• **EXERCISE DIRECTIONS**
What must be handed in is the entire listing, exactly as written, with no pictures.

• **DATA**
--*--

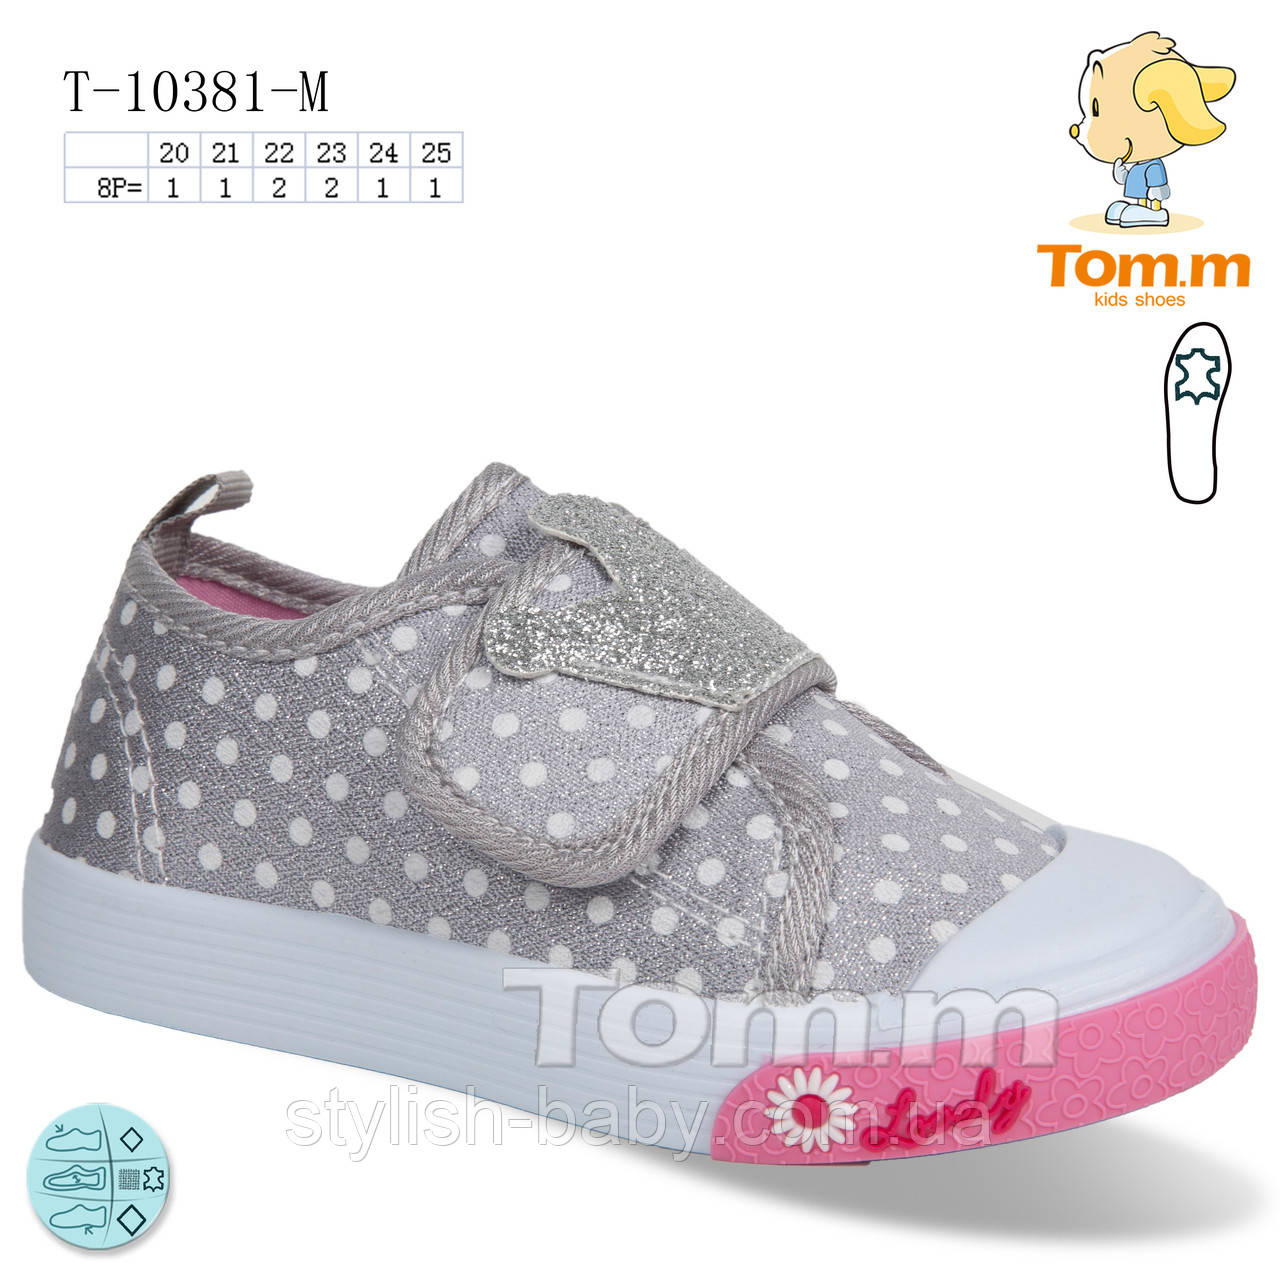 Дитяче взуття гуртом. Дитячі кеди 2023 бренда Tom.m для дівчаток (рр. с 20 по 25)
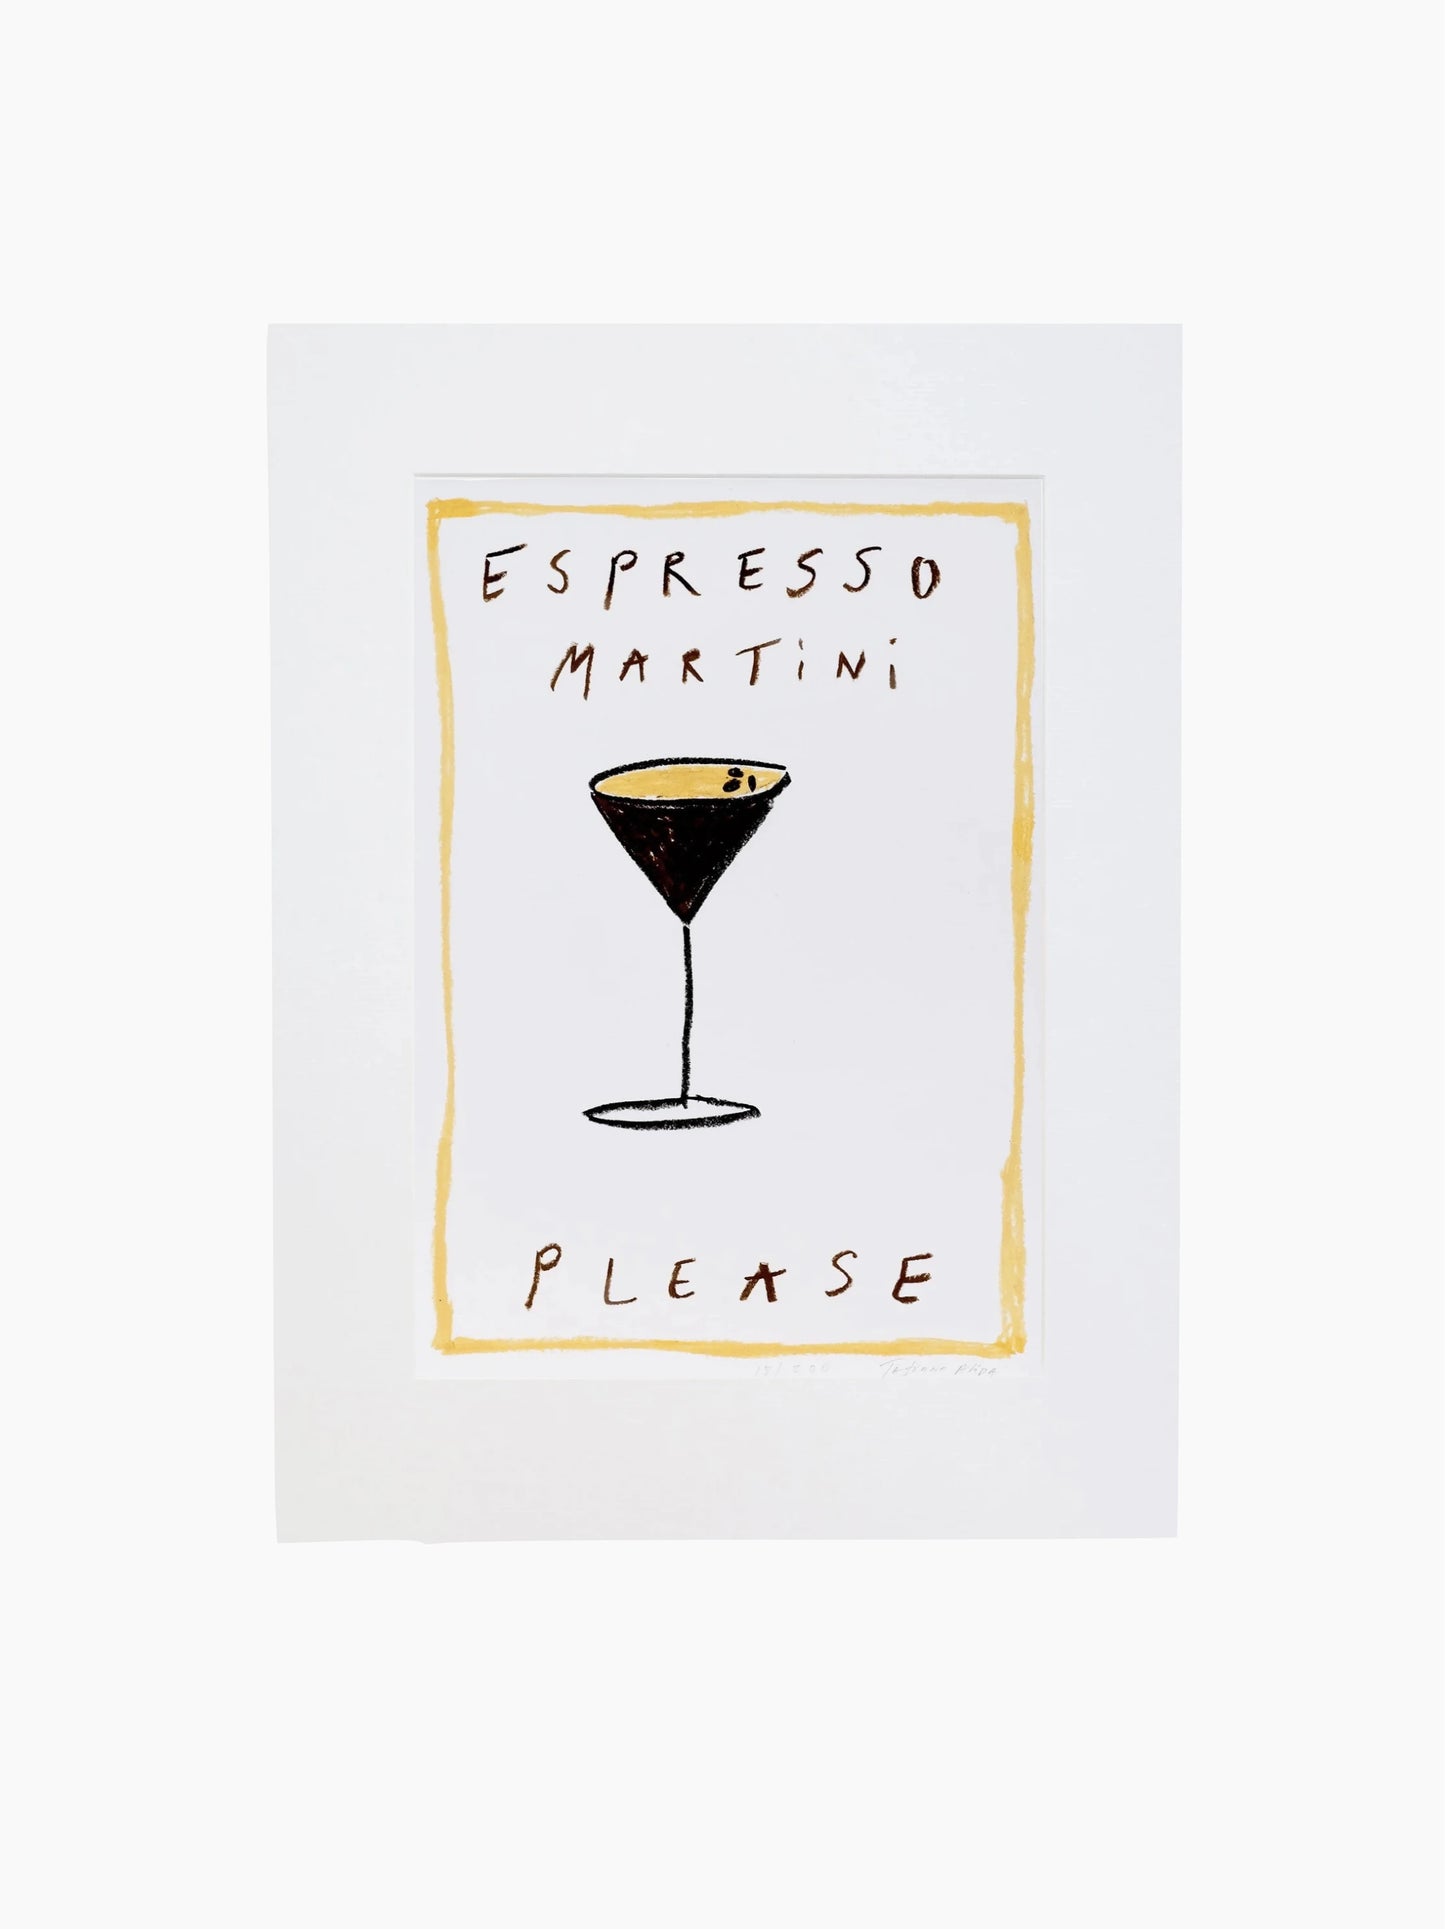 Espresso Martini Please Art Print
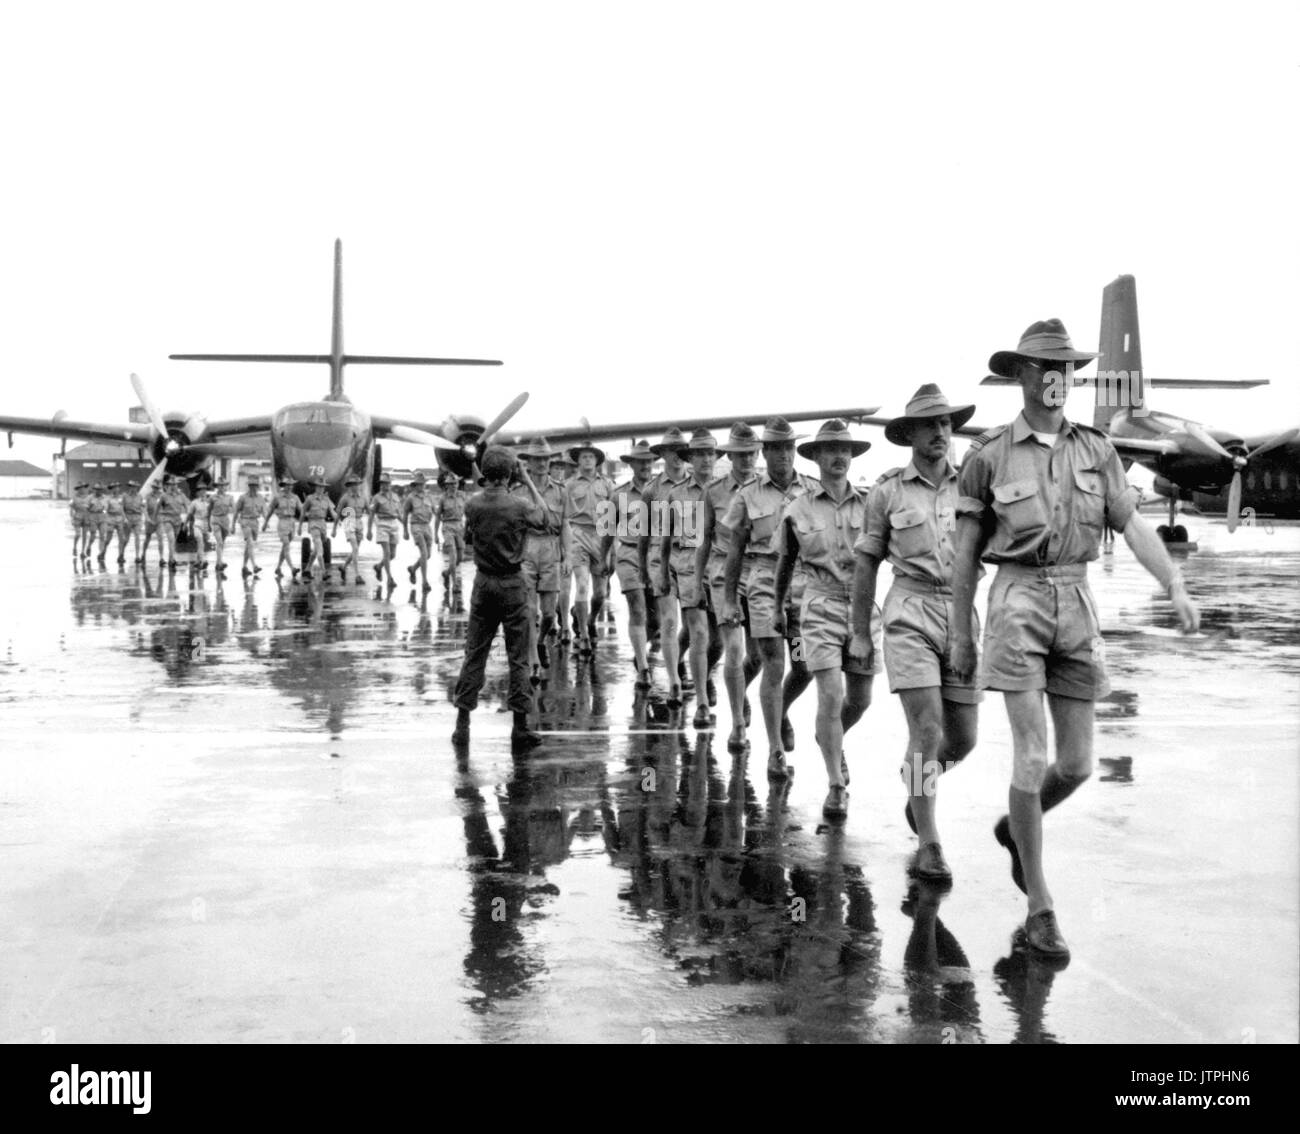 Ein Kontingent von der Royal Australian Air Force kommt am Flughafen Tan Son Nhut, Saigon, mit der vietnamesischen und der US-Streitkräfte in den Transport von Soldaten und Material in South Vietnam zu bekämpfen. August 10, 1964. Armee NARA DATEI #: 306-PSC -64-5382 Krieg & KONFLIKT BUCH Nr.: 393 Stockfoto

--*--

• **TASK RESPONSE**
 Дитяче взуття гуртом. Дитячі кеди 2023 бренда Tom.m для дівчаток (рр. с 20 по 25)
 Espresso Martini Please Art Print
 Ein Kontingent von der Royal Australian Air Force kommt am Flughafen Tan Son Nhut, Saigon, mit der vietnamesischen und der US-Streitkräfte in den Transport von Soldaten und Material in South Vietnam zu bekämpfen. August 10, 1964. Armee NARA DATEI #: 306-PSC -64-5382 Krieg & KONFLIKT BUCH Nr.: 393 Stockfoto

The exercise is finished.